Transit Time-Dependent Matrix

For public transit studies, pass costing="transit" and a date_time block. Valhalla aligns routes against the loaded GTFS schedule, producing headway-sensitive travel times rather than free-flow averages:

# Requires: requests>=2.31, pandas>=2.0, numpy>=1.24
# (uses compute_od_matrix from the snippet above)

transit_matrix = compute_od_matrix(
    sources=neighbourhood_centroids,   # list of {"lon": ..., "lat": ...}
    targets=transit_hub_coords,
    costing="transit",
    date_time={"type": 1, "value": "2026-06-23T08:00"},  # depart-at
    max_workers=2,  # lower concurrency for GTFS-heavy queries
)

# Pivot to wide format: rows = origins, columns = transit hubs
pivot = transit_matrix.pivot(
    index="source_idx", columns="target_idx", values="time_min"
)

Key Parameters and Tuning

Parameter	Recommended Value	Sensitivity Notes
`costing`	`"auto"` / `"pedestrian"` / `"transit"` / `"truck"`	Determines graph traversal rules, speed defaults, and access restrictions; changing mode invalidates cached matrices
`use_ferry`	`0.0`–`1.0` (default `0.5`)	Values near `0` actively avoid ferry crossings; urban studies without waterways should set `0.0` to eliminate edge-case routing artefacts
`use_toll`	`0.0` (equity studies)	Set `0.0` for studies measuring equitable access — toll roads skew travel times for low-income origin zones
`maneuver_penalty` (seconds)	`5`–`30`	Higher values penalise complex intersections; calibrate against GPS traces to match observed urban intersection delay
`CHUNK_SIZE`	`50`	Hard cap from Valhalla defaults; reduce to `25` if requests time out on dense urban graphs with transit costing
`max_workers`	`4` (auto/pedestrian), `2` (transit)	Transit queries carry higher per-request compute cost due to GTFS schedule alignment; over-threading stalls the tile cache
`date_time.type`	`1` (depart at)	Type `2` (arrive by) computes backward searches; useful for catchment studies but doubles graph traversal cost
Tileset bounding box	Study area + 10 km buffer	Tight bounding boxes improve cold-start speed but produce `status=2` errors for near-boundary coordinates

Coordinate snapping failures (status=2) are the most common field problem in multi-city studies. They occur when coordinates fall outside the loaded tileset or on road classes excluded by the costing model — for example, access=private ways when using "auto" costing. Pre-validate all coordinates with the /locate endpoint and cache the snapped node IDs; this also cuts per-request overhead by 15–30% on repeated queries against the same POI dataset.

Integration Points

The output DataFrame from compute_od_matrix — with columns source_idx, target_idx, time_min, and distance_km — connects directly to several downstream spatial workflows:

Gravity-model accessibility indices. Join time_min against a destination-opportunity table (jobs, services, transit capacity) and apply a decay function (exp(-β × time_min)) to compute Hansen accessibility scores per origin zone. Merge with census boundary GeoDataFrames via geopandas spatial joins for choropleth mapping.

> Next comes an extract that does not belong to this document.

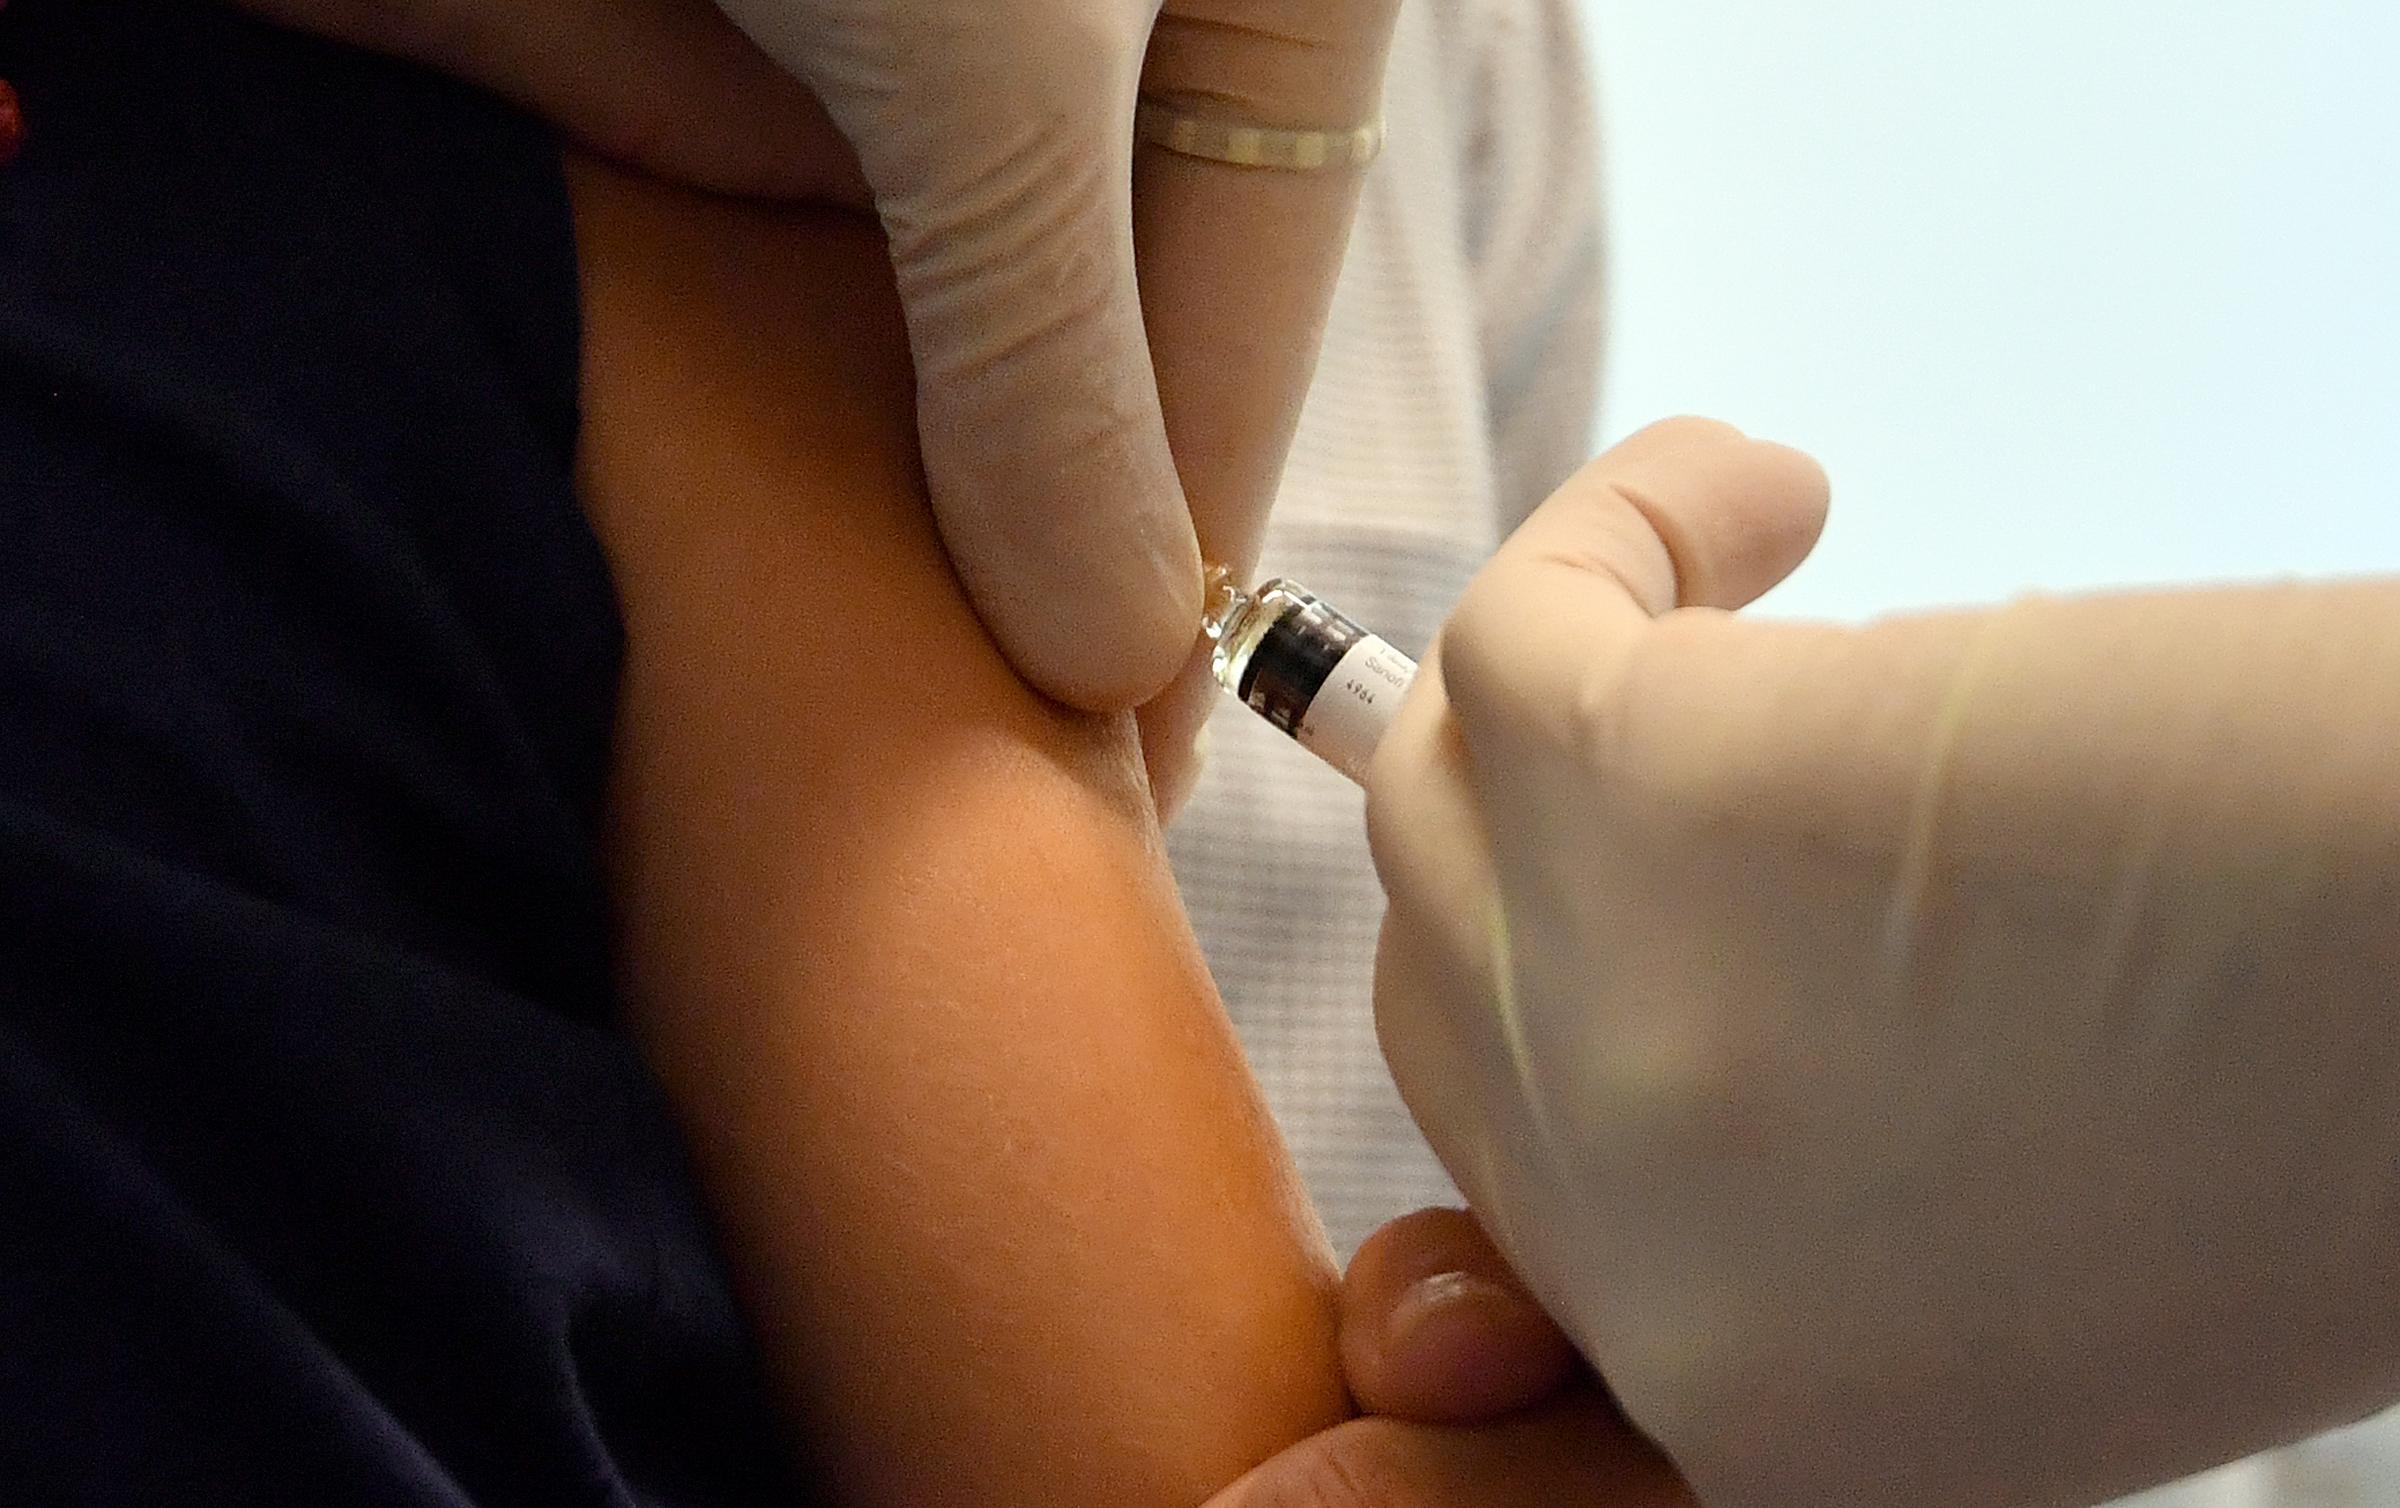 Vaccini: rischio ritorno effetti avversi molto basso

Isochrone overlays. The matrix identifies which destinations fall within a travel-time threshold. Feed the threshold-filtered target subset to Valhalla’s /isochrone endpoint to generate bounding polygons for the reachable set — combining the precision of discrete pair timing with the cartographic clarity of polygon coverage. See generating isochrones with PySAL and GeoPandas for the polygon construction step.

Custom cost function inputs. If the study uses non-standard impedance — combining travel time with fare cost, transfer count, or environmental exposure — the raw time_sec and distance_km columns feed into custom cost functions for routing solvers, where composite weights are assembled before pivoting to a matrix format.

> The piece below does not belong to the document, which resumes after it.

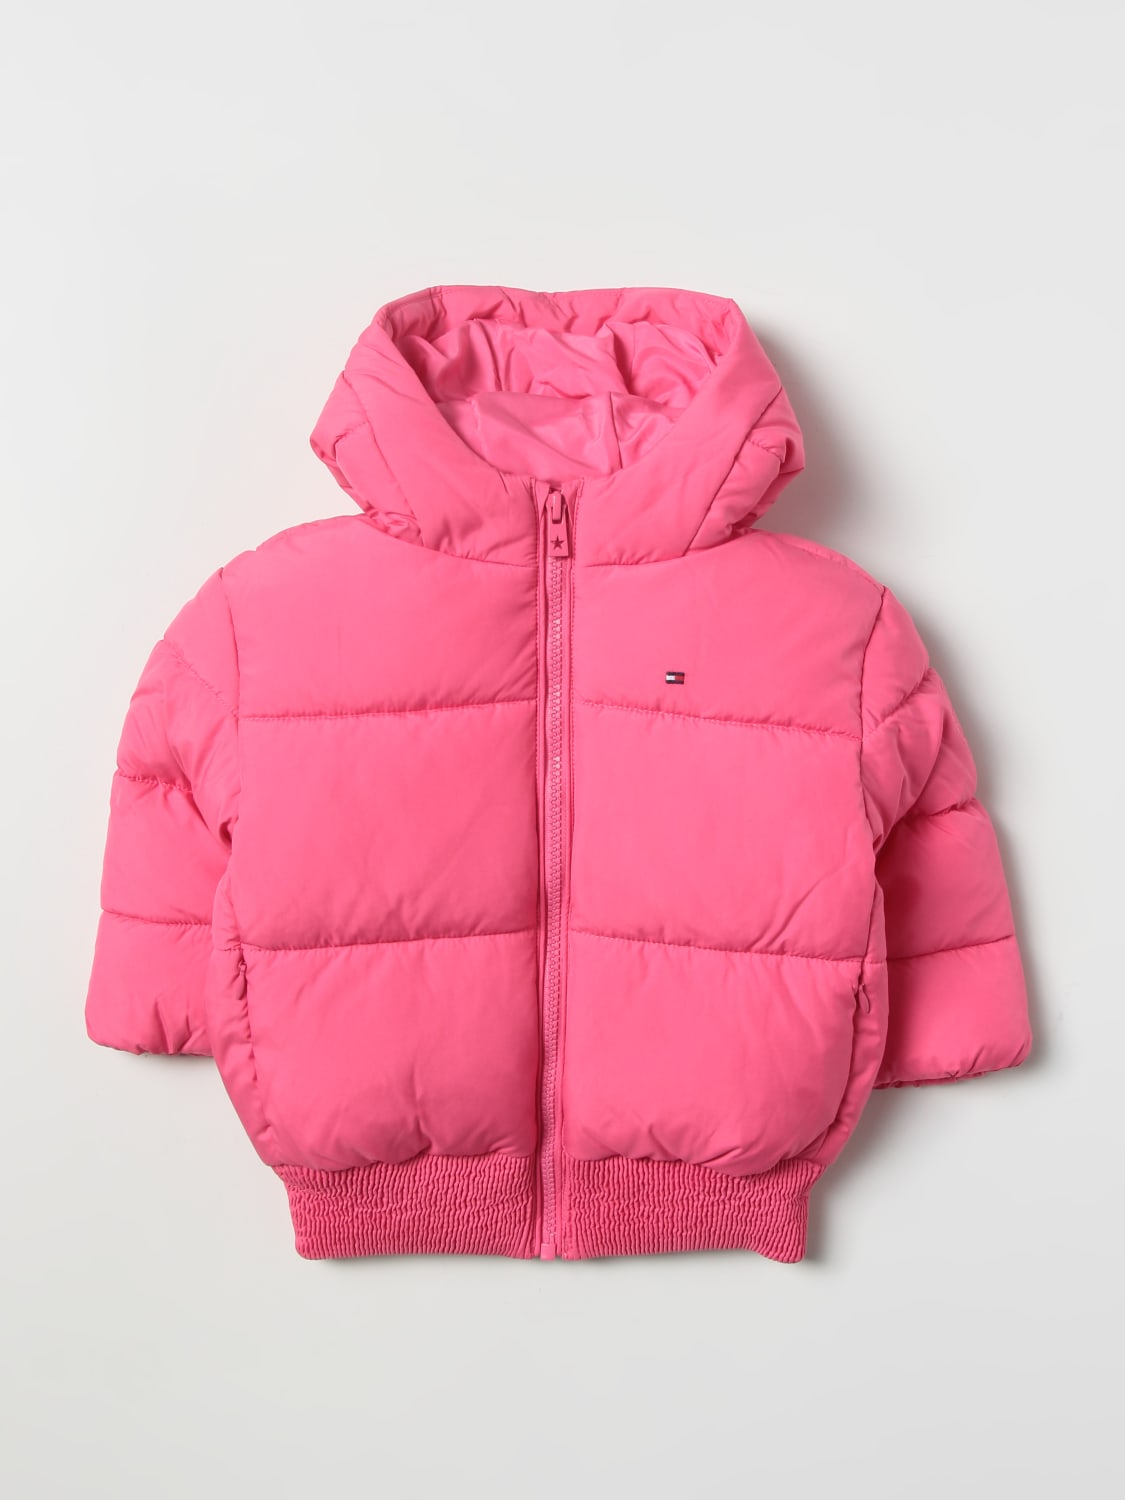 Tommy Hilfiger Outlet: down jacket with - Pink | Tommy Hilfiger jacket KG0KG06689 online at GIGLIO.COM

NetworkX graph construction. Wide-format OD matrices can seed a directed NetworkX graph for network-theoretic analysis. Set time_min as the edge weight, compute betweenness centrality to identify critical transfer nodes, and overlay with land-use data to flag equity gaps in the transport network.

Fleet dispatch pre-computation. For same-day delivery operations, pre-compute the depot-to-customer matrix at graph-build time and store in a Redis sorted set keyed by (depot_id, customer_id). The live dispatch solver queries cached times without hitting the routing engine during order assignment.

Validation Checklist

Run these checks against every matrix output before using results in a planning deliverable:

Coverage ratio. Compute valid_cells / total_cells where total_cells = len(sources) × len(targets). A ratio below 0.90 signals systematic snapping failures or disconnected graph segments — investigate status distributions and re-examine the loaded tileset extent.
Time distribution sanity. Assert time_min.between(0.5, 180).all() for typical urban studies. Values below 0.5 minutes indicate coordinate pairs that snapped to the same node (check for duplicate POIs). Values above 180 minutes suggest the tileset spans disconnected regions or a costing model mismatch (e.g. "pedestrian" applied to motorway-only zones).
Symmetry check (reversible modes). For "auto" and "pedestrian" costing on undirected networks, verify that |time_min[A→B] - time_min[B→A]| is under 10% for a random 5% sample. Systematic asymmetry indicates one-way street data issues or incorrect graph orientation from the OSM extract.
Transit headway sensitivity. For transit matrices, re-run with date_time.value shifted by 30 minutes. The mean travel time across all pairs should shift by no more than the dominant route’s headway. If times are identical regardless of departure, GTFS feeds are not being applied — check the Valhalla tile build log for transit.enabled confirmation.
Chunk boundary artefacts. After concatenating chunked results, verify that pairs spanning chunk boundaries (source near offset boundary, target near offset boundary) have plausible times consistent with spatially adjacent pairs. Index arithmetic errors in the offset logic can silently mis-assign travel times.
Outlier route investigation. Flag origin rows where mean(time_min) exceeds the study-area median by more than two standard deviations. These are often coordinates that snapped to low-speed residential ways or pedestrian-only paths; review the snapped node IDs with /locate and consider coordinate adjustments.